Membaca, Membuka Jendela Dunia


Desa Wunga, Kec. Haharu, Kabupaten Sumba Timur, Nusa Tenggara Timur, merupakan desa yang terletak di bagian utara Sumba. Cerita situasi desa ini sampai telinga saya dari sepupu saya Apriana dan teman saya Marselinus Hambakodu, dosen Peternakan di kampus Universitas Kristen Wirawacana Sumba yang merupakan orang asli desa Wunga. Banyak anak di desa Wunga belum bisa baca tulis bahkan ada beberapa anak SD belum bisa menulis namanya sendiri.

Bukan lagi hal baru, terutama di daerah-daerah yang terisolir, masih banyak anak usia sekolah dasar mengalami kesulitan membaca dan menulis. Biasanya hal seperti ini menjadi tugas dan tanggung jawab sekolah, namun sampai sejauh mana guru dan sekolah mampu menyentuh setiap individu dengan keterbatasan waktu dan jumlah pengajar, sementara siswa melimpah jumlahnya. Perlu kekuatan tambahan khususnya anak muda yang sudah mengenyam pendidikan lebih tinggi dengan penuh kesadaran berkontribusi dalam usaha peningkatan sumber daya manusia.


Saya tergerak hati untuk melihat keberadaan anak-anak di desa Wunga karna kebetulan juga saya belum pernah berkunjung sampai ke sana. Setelah melalui perbincangan panjang, saya, Apriana, dan Marselinus sepakat merintis taman baca di Wunga dan pada tanggal 2 Januari 2020 dengan menempuh 4 jam perjalanan naik sepeda motor, saya menginjakkan kaki pertama kali di desa ini. Lokasi yang sangat jauh, tanpa jaringan komunikasi dan belum ada aliran listrik. Lengkap sudah, Wunga jauh dari sentuhan milenial, bahkan bisa dikatakan desa terpencil.

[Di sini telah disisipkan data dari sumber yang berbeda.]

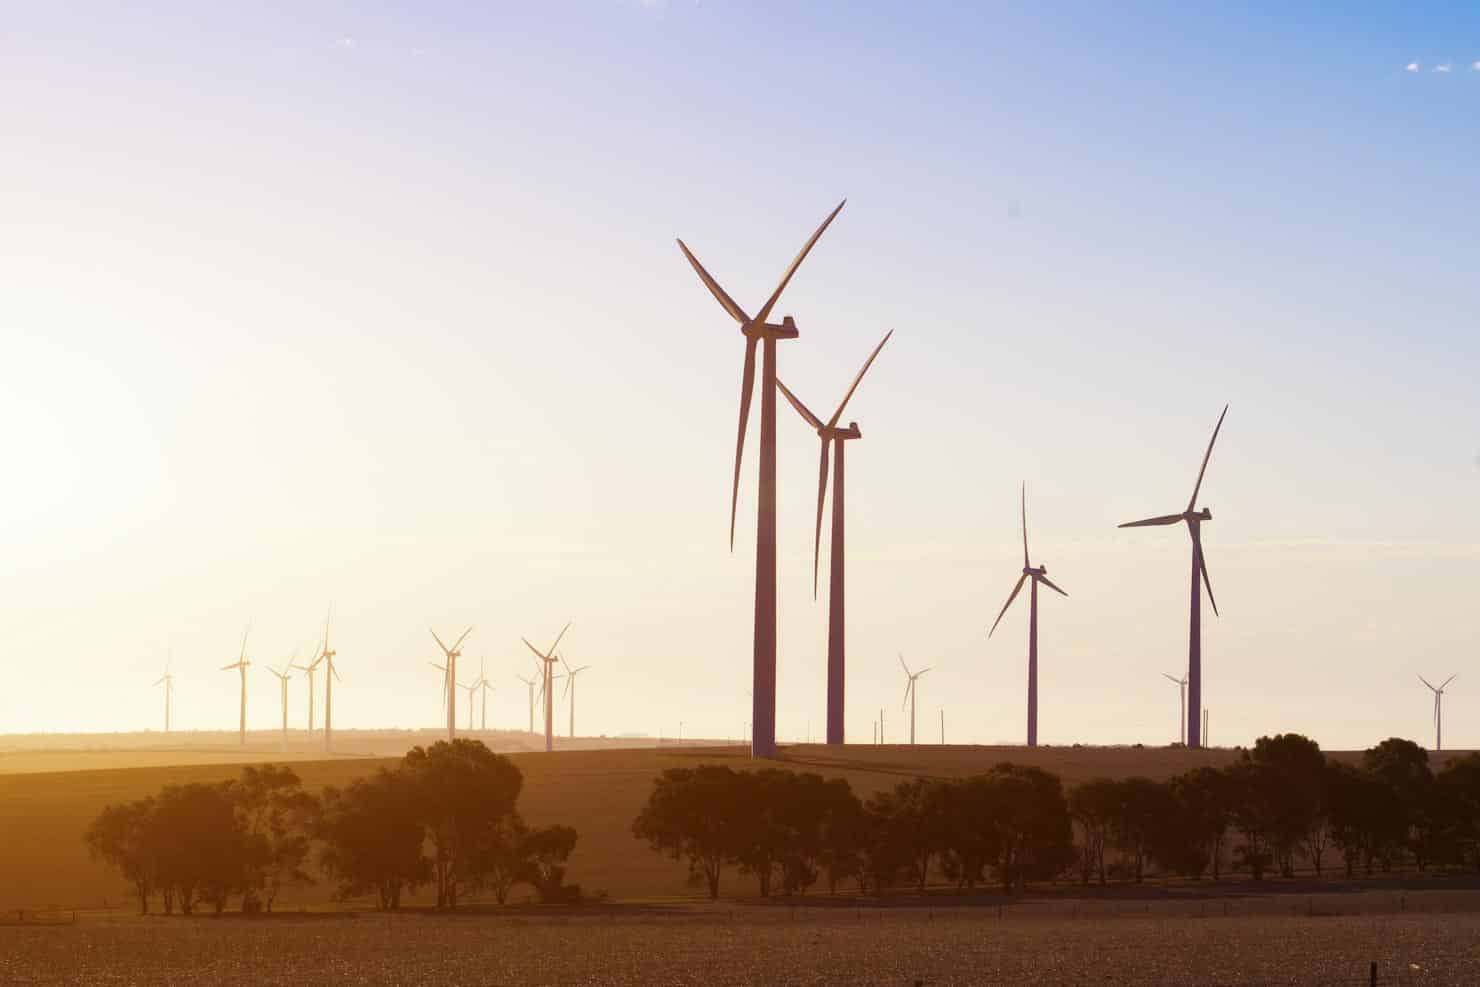 Walkaway Wind Farm near Geraldton WA

Saat kami tiba, anak-anak sudah berkumpul di gedung posyandu dan siap untuk belajar. Ada sekitar 30 orang anak datang di gedung posyandu dan sangat antusias menyambut kami. Saya pun menyapa mereka, bercerita dan mengajak mereka bermimpi, kelak mereka ingin menjadi apa atau ingin menjadi seperti siapa. Karena latar belakang pendidikan saya pendidikan bahasa Inggris, saya pun mengajari mereka mengenal nama-nama profesi dalam bahasa Inggris, mengajari mereka kata benda dan kata sifat dalam bahasa Inggris dan juga lagu bahasa Inggris. Semangat belajar mereka tinggi sekali. Ketika saya bertanya lokasi sekolahnya dimana, mereka menjawab kira-kira 2 km jalan kaki jauhnya. Menggelitik sekali ketika mendengar mereka mengatakan bahwa mereka sangat rajin ke sekolah namun guru mereka yang jarang masuk sekolah, sungguh sebuah ironi pendidikan.



Hal inilah yang menjadi semangat bagi saya untuk terus mendampingi, dan membangun semangat belajar mereka. Walaupun jarak lokasi mereka sangat jauh dari tempat saya, namun tidak mengurangi niat saya untuk ada buat mereka dan dengan bekerjasama dengan teman-teman penggiat taman baca di sana, kami sepakat untuk berkunjung ke desa Wunga 2 kali dalam sebulan untuk melakukan pendampingan belajar. Semoga dengan hadirnya taman baca, menambah semangat belajar mereka, mendapatkan pengetahuan yang baru dan lewat membaca mereka bisa melihat dunia lebih dekat.


Anak adalah harapan masa depan bangsa dimana masa tumbuh kembang yang baik akan menunjang masa depannya. Sehat jasmani dan rohani, cerdas, pendidikan dan pengasuhan yang berkualitas menjadi tanggung jawab semua elemen masyarakat. Banyak harapan di dada untuk desa Wunga. ** (ELZ).